*** Data shown ***

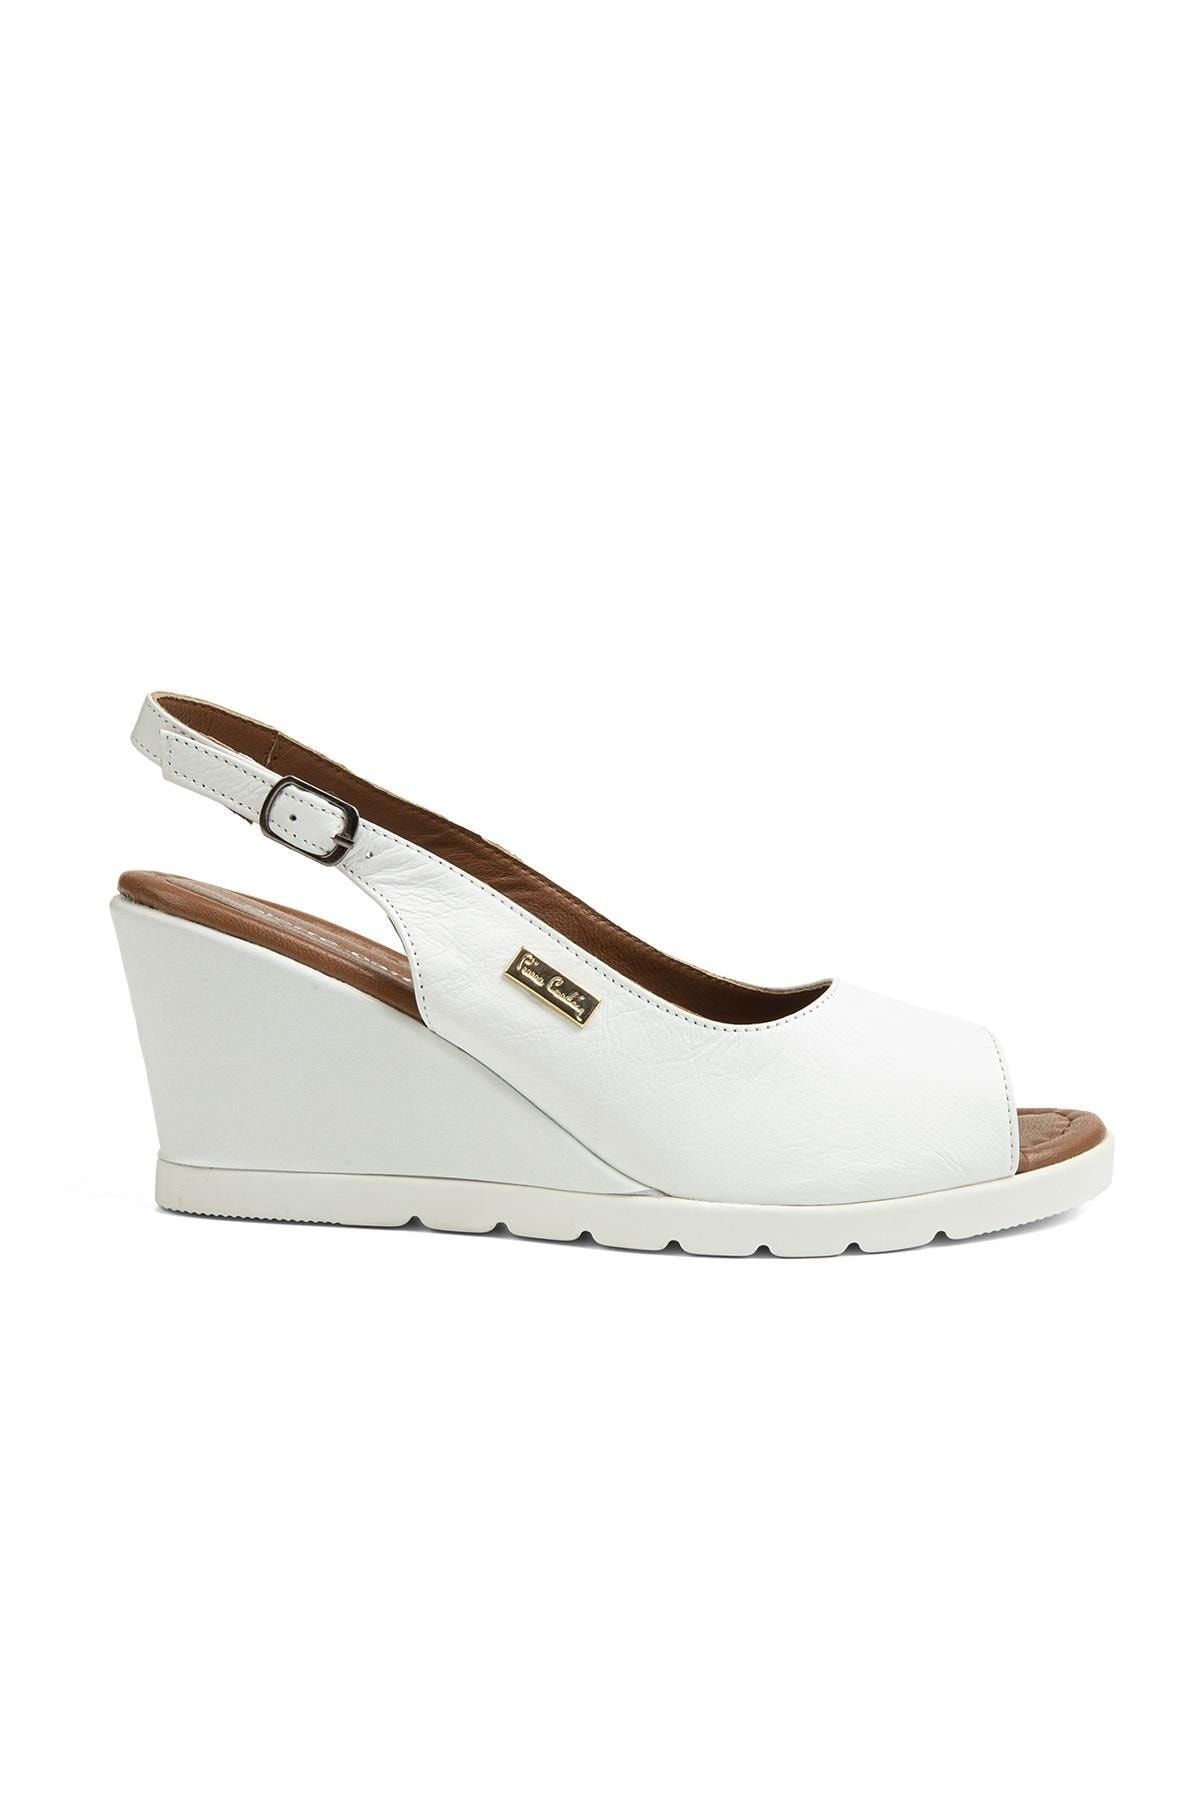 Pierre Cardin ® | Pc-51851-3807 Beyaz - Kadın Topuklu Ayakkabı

***
*** Data shown ***

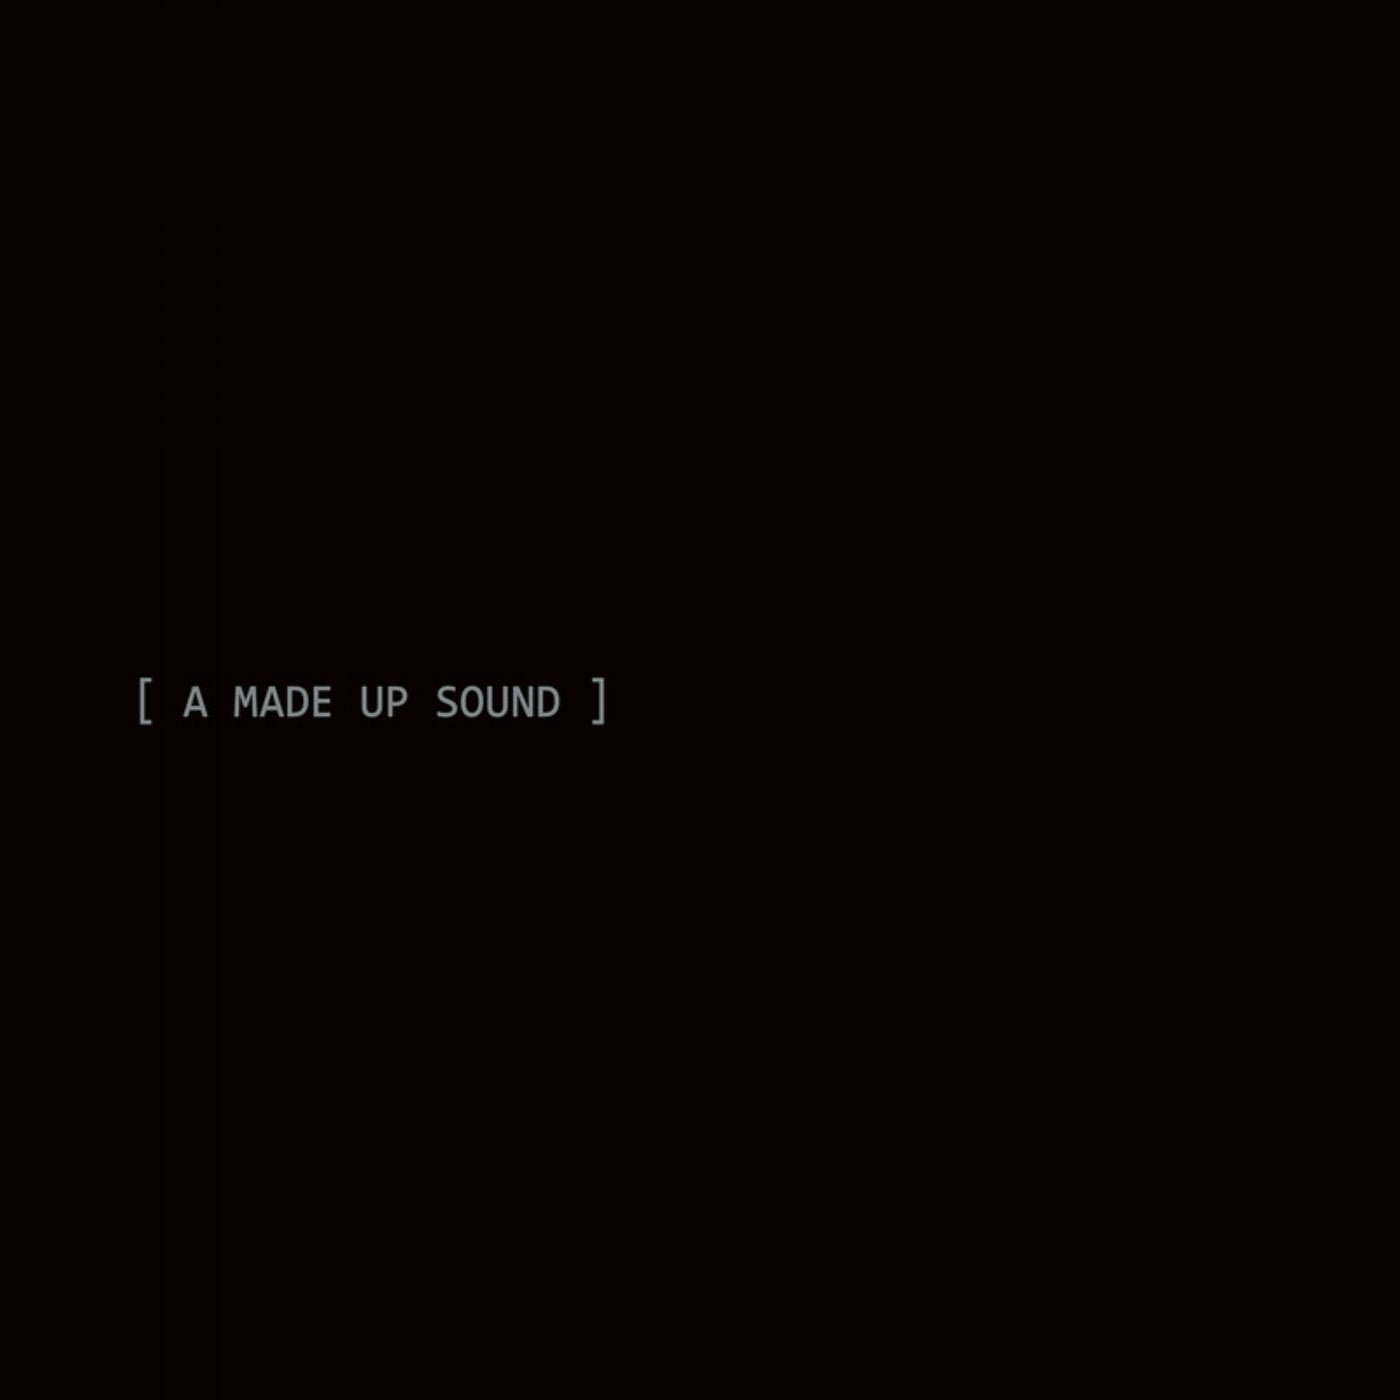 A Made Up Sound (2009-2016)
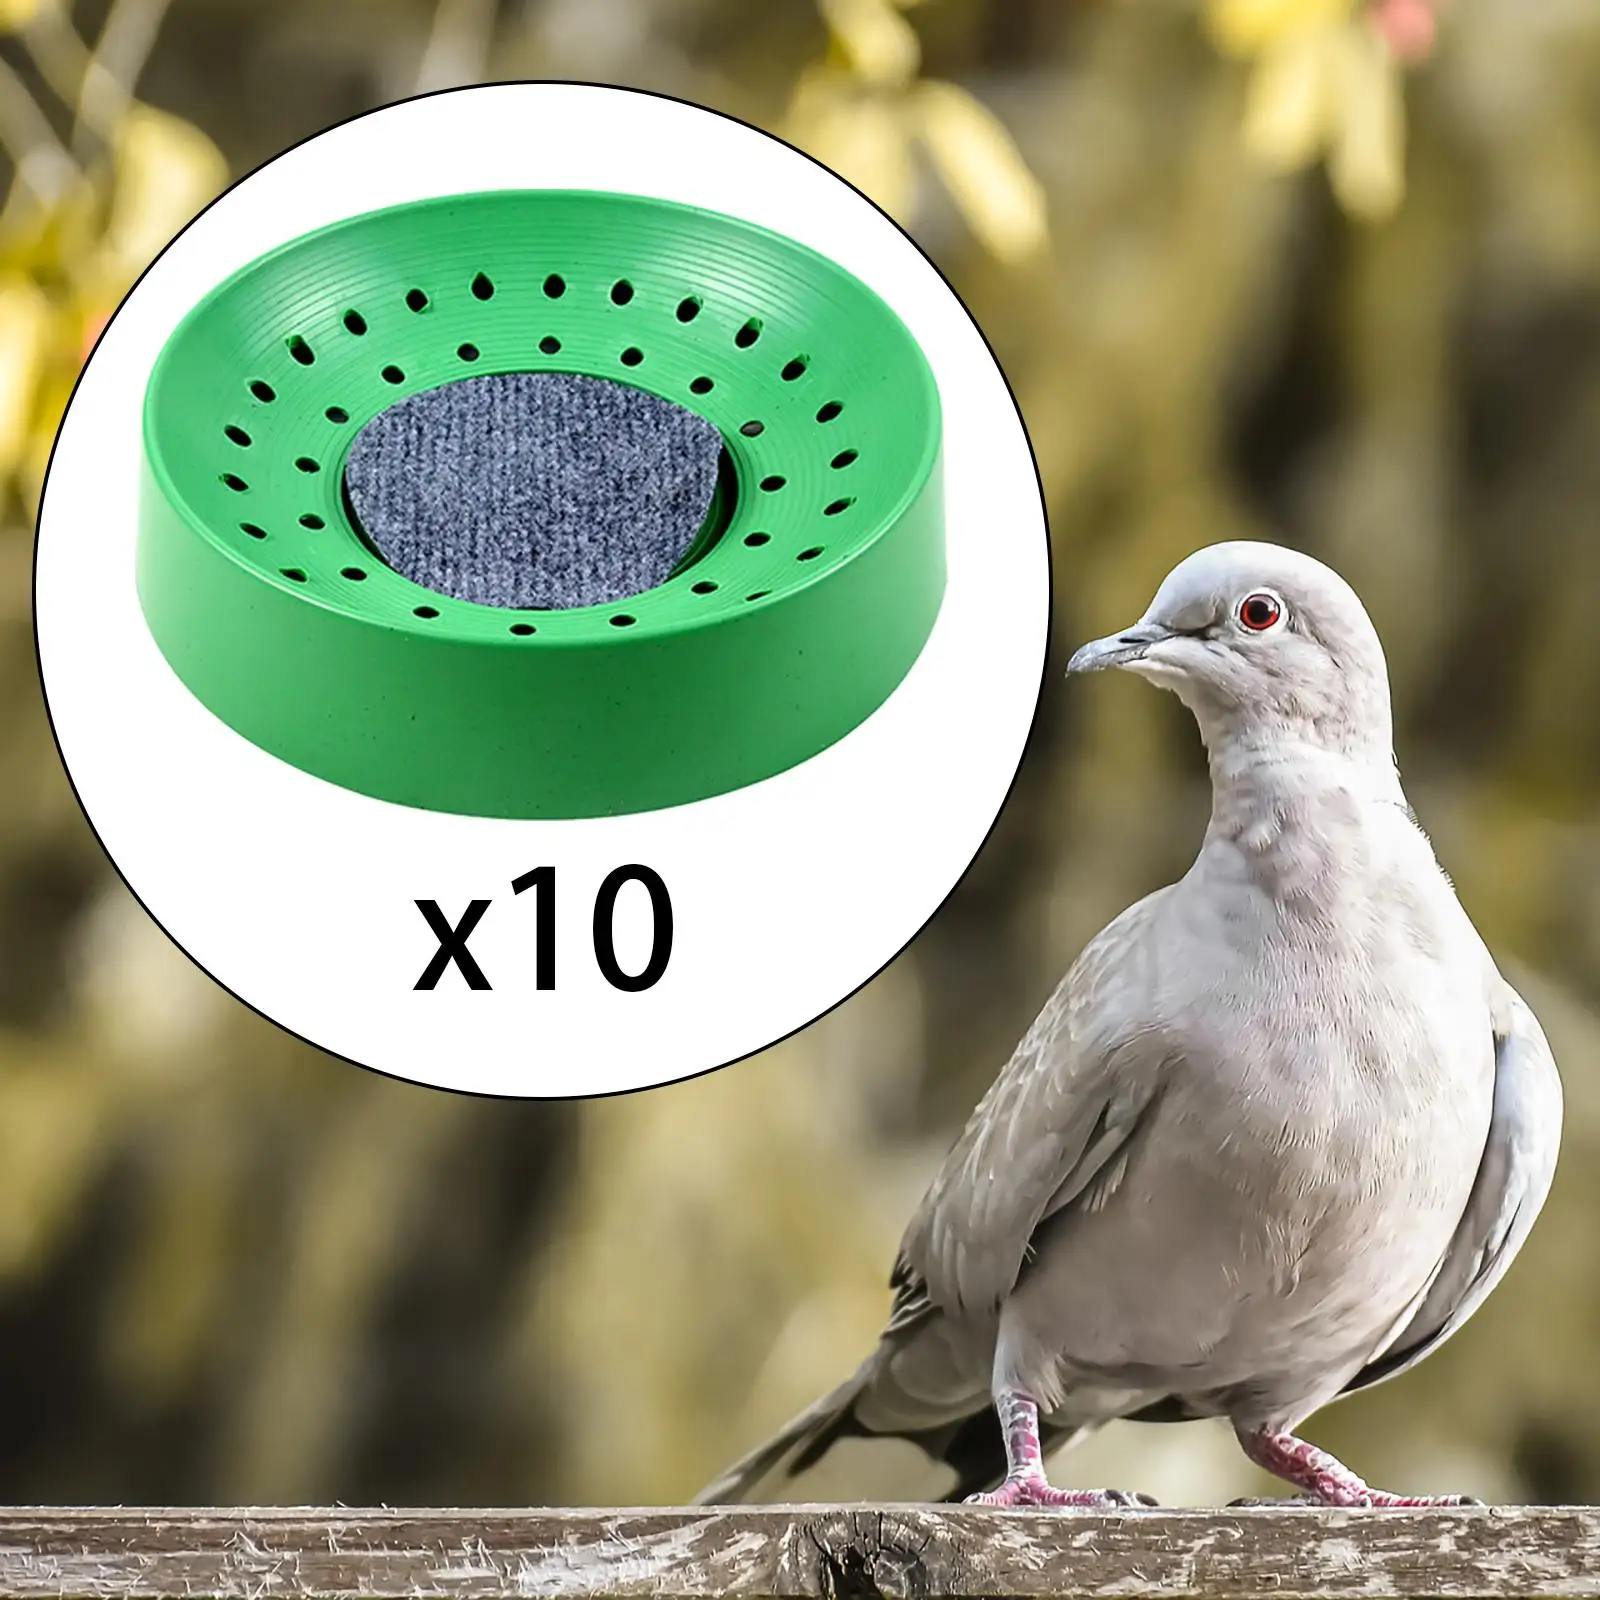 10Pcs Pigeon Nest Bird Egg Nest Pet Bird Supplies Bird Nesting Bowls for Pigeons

***

Brief: Of the lines above, quote exactly those from the one with "A Made Up Sound (2009-2016)" through the one with "10Pcs Pigeon Nest", ends included; pictures stay out.

Exercise result:
 A Made Up Sound (2009-2016)
 10Pcs Pigeon Nest Bird Egg Nest Pet Bird Supplies Bird Nesting Bowls for Pigeons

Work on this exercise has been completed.